Models like the Milan SL, GT, RS and 4.2 can now be purchased via Drymer.

A few days after, pictures of the new Hilgo were released on Facebook.  The new velomobile is an improvement on the Mango, made of carbon fiber, it is lighter and slightly narrower than the Mango this will provide the ability to go through normal doors.  The first production Hilgo is undergoing testing before being released. The Hilgo already sports a new hood and will be available for 7650€.  Already there are hints of future versions of the Hilgo, possibly one with a Milan type entry hatch.


Daniel has revealed a new lighter swingarm for the DF weighting 660g complete.  It apparently can be retrofitted to current DF.  The new swingarm should allow the installation of larger wheels on the DF.
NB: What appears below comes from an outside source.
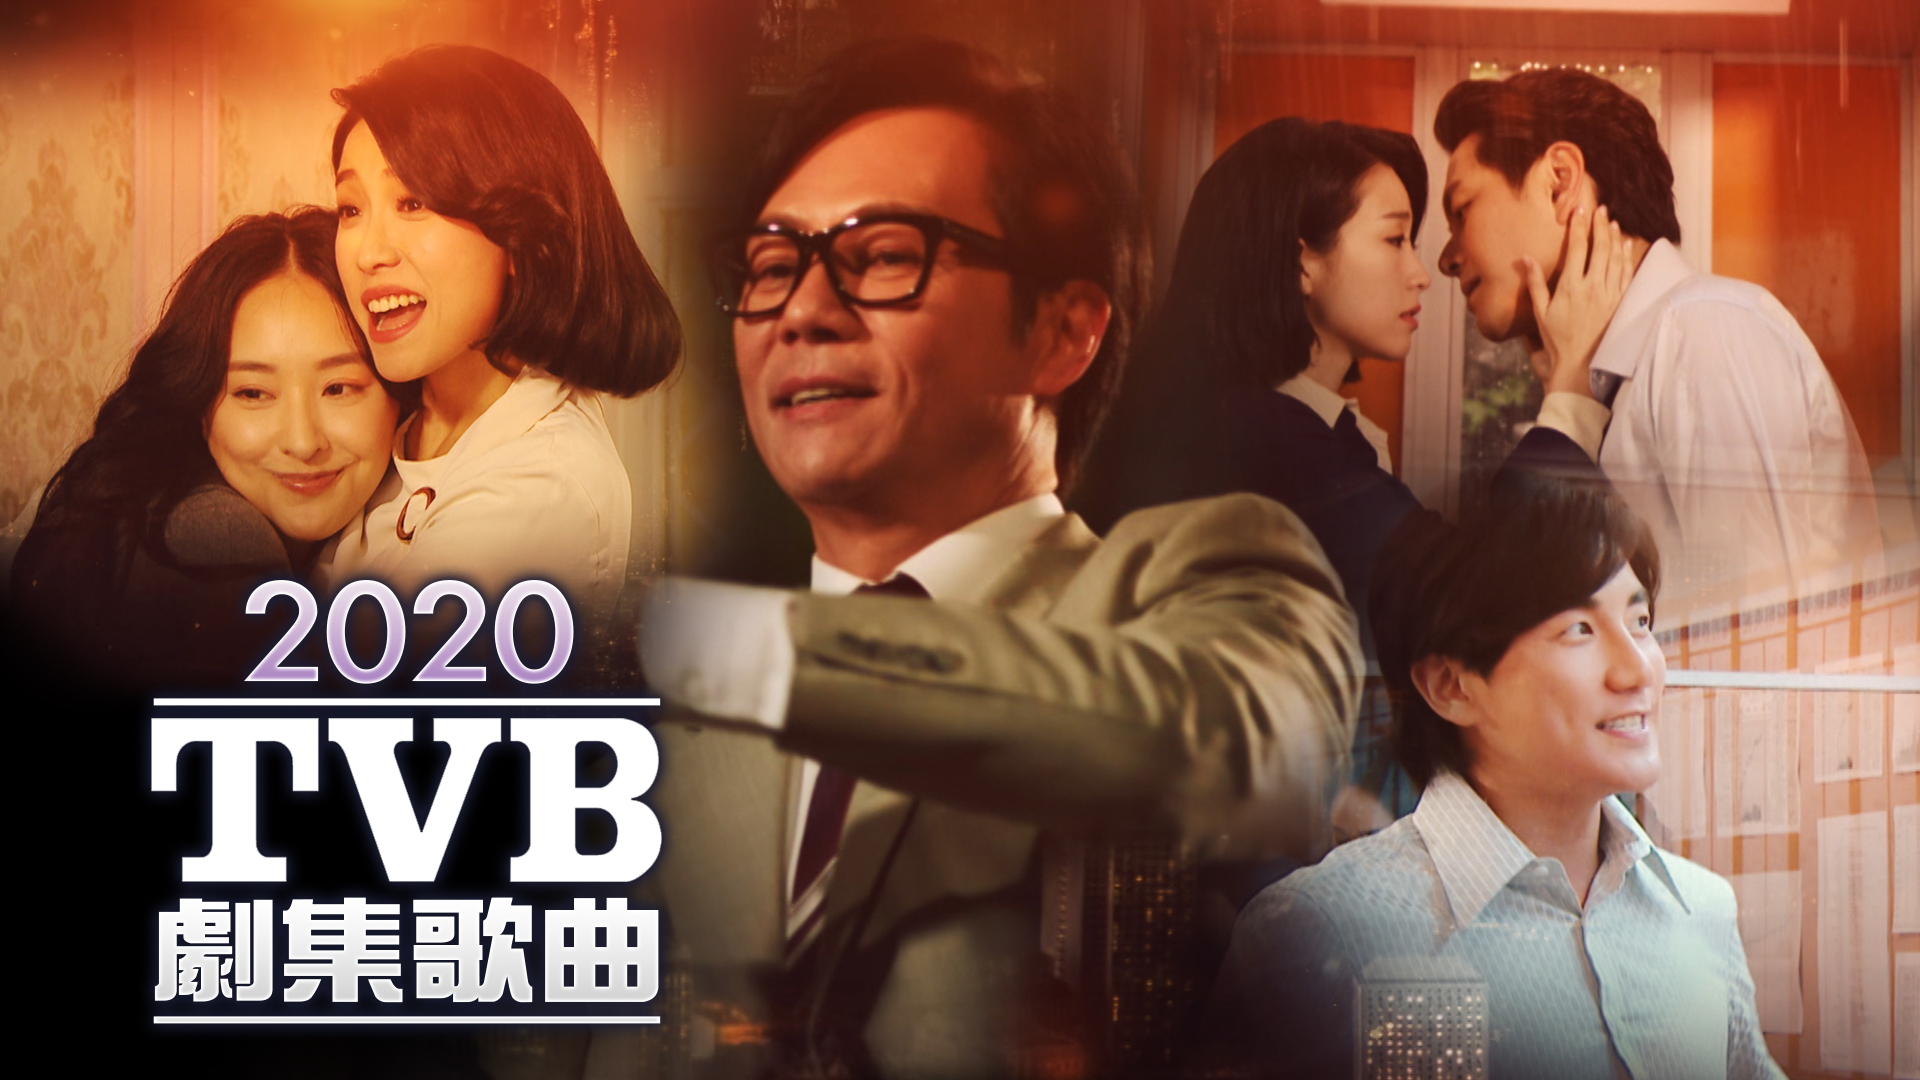 2020 TVB 剧集歌曲 [TS源码/1080P/2.87G]-金曲拾光机 - MusiCore@乐影带

The German manufacturer seems to be making things difficult for velomobile users looking for fast tires.  After cancelling the popular Shredda size 406, the company just announced that the also popular Schwalbe One HS462 size 28-406 will no longer be available.  The tire competes with the Schwalbe Pro-One wireless of the same size.  It is unfortunate that the velomobile market can’t sustain these tires.  The BMX market is the main market for 20in (406) tires.


The Australian company appears to be making history one more time.  Trisled recently released pictures and a few details of their newest prototype.  The new velomobile is a significant departure from previous PedalPrix velomobiles.  The unnamed prototype appears to be a full carbon fiber monocoque Aquilla.  Currently it is my understanding that all PedalPrix velomobiles from all manufacturers have a metal frame covered with a shell.  Furthermore, the new tadpole velomobile apparently has front wheel drive and front wheel steering that is probably also a first in the world of tadpole velomobiles.  There are no details or pictures available yet of the structural or mechanical systems.


I am sad to report that brothers Andreas and Michael Byess have split up their business after 25 years.  The company has been a significant player in the velomobile industry.  Andreas will continue building the current Go-One models Evo R, K and Ks. Michael will not be involved in velomobile production, he will continue to produce manufacture precision parts.  Over the past couple of years Michael had released plans for the replacement of the Evo-K and Evo-R but Michael had indicated that the lack of resources probably due to slow sales of current models prevented the completion of the projects.  Andreas plans on making modest improvements to current models.


Ray Mickevius posted on BROL that several moldsfor producing velomobiles are available for enterprising individuals.  The molds are for the Cab Bike, Hornet and Team velomobiles.  The molds come with several parts including two working velomobiles. The asking price is C$9 500.  Ray had put Quest molds for sale and while a few people are interested, they are still available.


  1. Thanks Luc! I appreciate the news, and really want to learn about the new Hilgo.

  2. The precise same rod ends might not be available locally.
    You should be able to pick up automotive rod ends and lengths of threaded stud locally.
    After having a catastrophic failure of the steering on my EvoK (due to OEM use of domed nuts forcing a rod end apart) I replaced the rod ends with the automotive type that do not separate as the liner is cast with the ball in place. Easier to work on as I used M6 bolts instead of the tricksy narrow spanner needed for the usual ones.
    You can see the first replacement I fitted on the left in this image:

  3. This vehicle looks funny. Maybe there is isobutane in this tires.